Each experimental pond had a square surface of (3.9 m × 3.9 m) and a bottom (1.5 m × 1.5 m) shape, with a trapezoidal cross-section and a depth of 1.3 m, corresponding to a storage capacity of approximately 8.55 m3. The sloped embankments (approximately 45°) ensured structural stability. One side was equipped with a masonry staircase to facilitate interventions (equipment instalslation, fish feeding, and control harvests) and to ensure staff safety. Each of them was filled with 5 m3 of water and stocked with monosex male fingerlings (about 12.5 g) of Oreochromis niloticus, commonly known as Nile tilapia. It is a hardy tropical freshwater fish with fast growth [29-31]. The stocking density was 20 fingerlings per cubic meter of water or a total of 100 per pond. This corresponded to standard semi-intensive tropical pond recommendations, allowing optimal growth without overcrowding [32, 33]. Fish were stocked two weeks before the start of infiltration monitoring to allow acclimation and stabilization of biological activity within the ponds.

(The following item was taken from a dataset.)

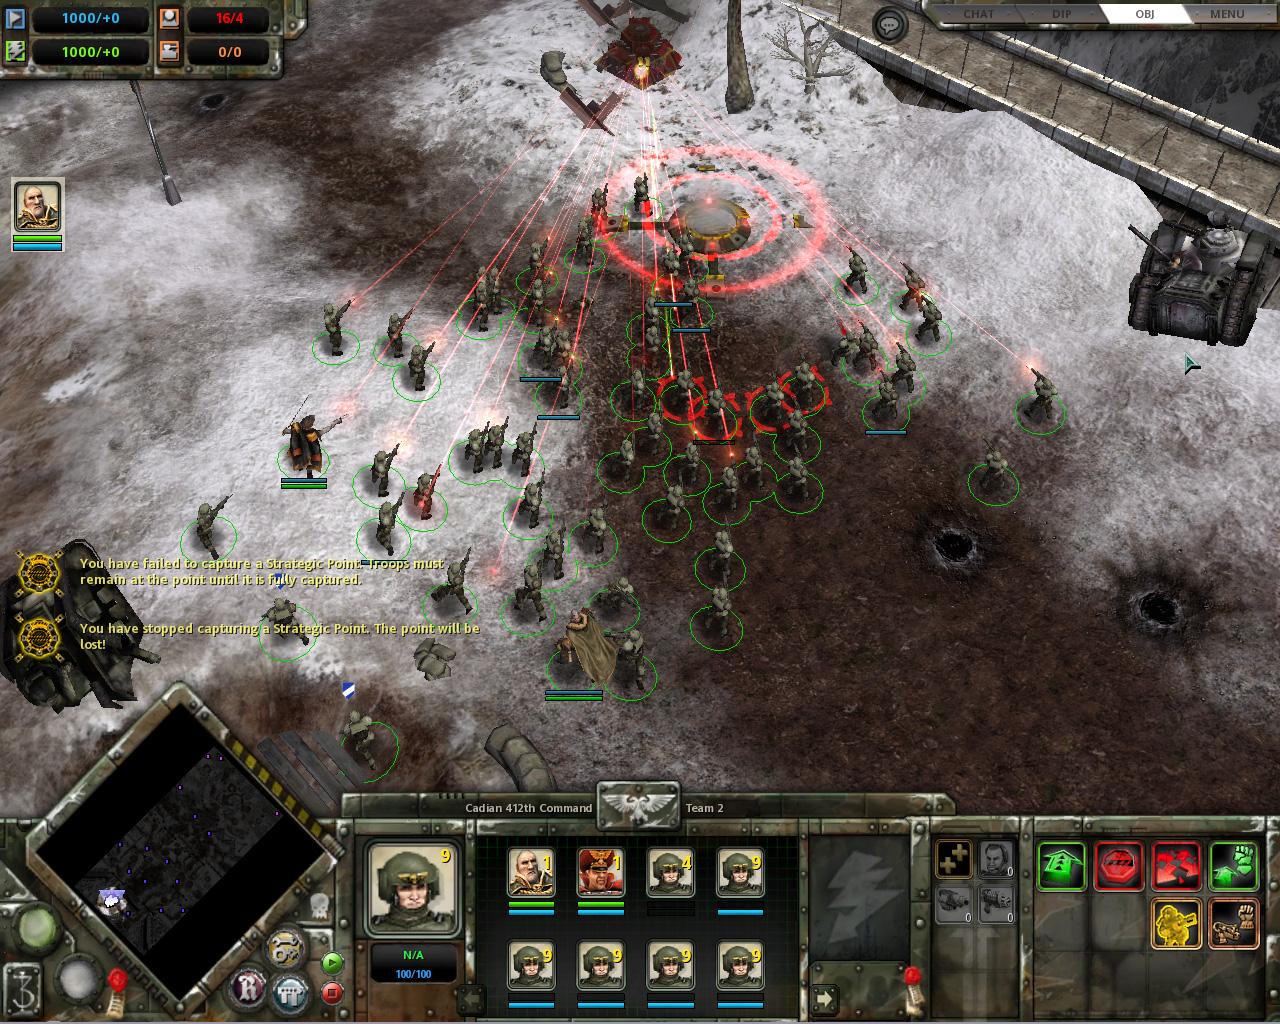 GamePatchPlanet - Warhammer 40,000: Dawn of War - Winter

2.3. Implementation of the Experimental Setup

Previous studies on Runoff water harvesting ponds (RWHPs) [34-36] have led to the development of a standardized protocol for evaluating soil suitability and determining the need for lining during pond construction. Central to this protocol is the 2iE/CRDI method [37], a site-specific procedure designed to measure in situ saturated hydraulic conductivity (Ks), which is a critical parameter for assessing infiltration potential. The method produces a Ks value and, when coupled with the soil water characteristics (SWC) software [38], it enables preliminary classification of the soil type and its hydraulic behavior.

In this study, four sampling points were selected to characterize the infiltration properties of the site designated for pond installation. Although standard practice recommends one sampling point per hectare, a denser sampling grid was adopted to improve measurement accuracy and capture spatial variability. The site was first squared for layout uniformity, and the four test points were distributed systematically with approximately 12 meters of spacing along the length and 8 meters along the width (Fig. 3).

Fig. (3).

a) Lining necessity determination process; b) sampling points.

The application of the 2iE/CRDI [37] method at the selected points yielded a saturated hydraulic conductivity (Ks) value of 14.51 mm /h. This result exceeded the commonly accepted threshold of 10 mm/h (Fig. 3) used to determine whether soil permeability necessitates additional sealing measures. Given both the measured conductivity and the fixed selection of the site based on its proximity to a water source, a lining system was implemented (Fig. 3). The adopted lining configuration included a polyane film base, topped with masonry riprap [39], and finished with a 5 cm layer of mortar to reduce seepage and improve structural stability.

2.4. Excavation And Sealing Configuration of Mini-RWHPs

The construction phase involved the manual excavation of twelve mini-runoff water harvesting ponds (RWHPs), each dug to a uniform depth of approximately 1.3 meters. Excavation was conducted with care to ensure a level base and a slight gradient toward one end of the pond to facilitate internal drainage and water management. Embankments were shaped into a stable trapezoidal profile, designed to resist erosion and improve structural integrity. Each pond was subsequently equipped with a multilayer impermeable lining system to mitigate infiltration losses.

In response to the high soil permeability identified on-site (14.51 mm /h), a composite lining system was installed. The lining included a polyethylene membrane (Polyane) that covered the entire pond bottom and walls, acting as the primary impermeable barrier. To enhance mechanical protection, the membrane was overlaid with a layer of stone masonry (riprap) bonded with mortar. A final coating of water-repellent mortar mixed with Sikalite [40] was applied to provide additional sealing and surface resilience. This multi-layer design was selected due to the site's saturated hydraulic conductivity (Ks) exceeding 10 mm/h, a threshold above which unlined ponds would experience water losses incompatible with effective aquaculture operations.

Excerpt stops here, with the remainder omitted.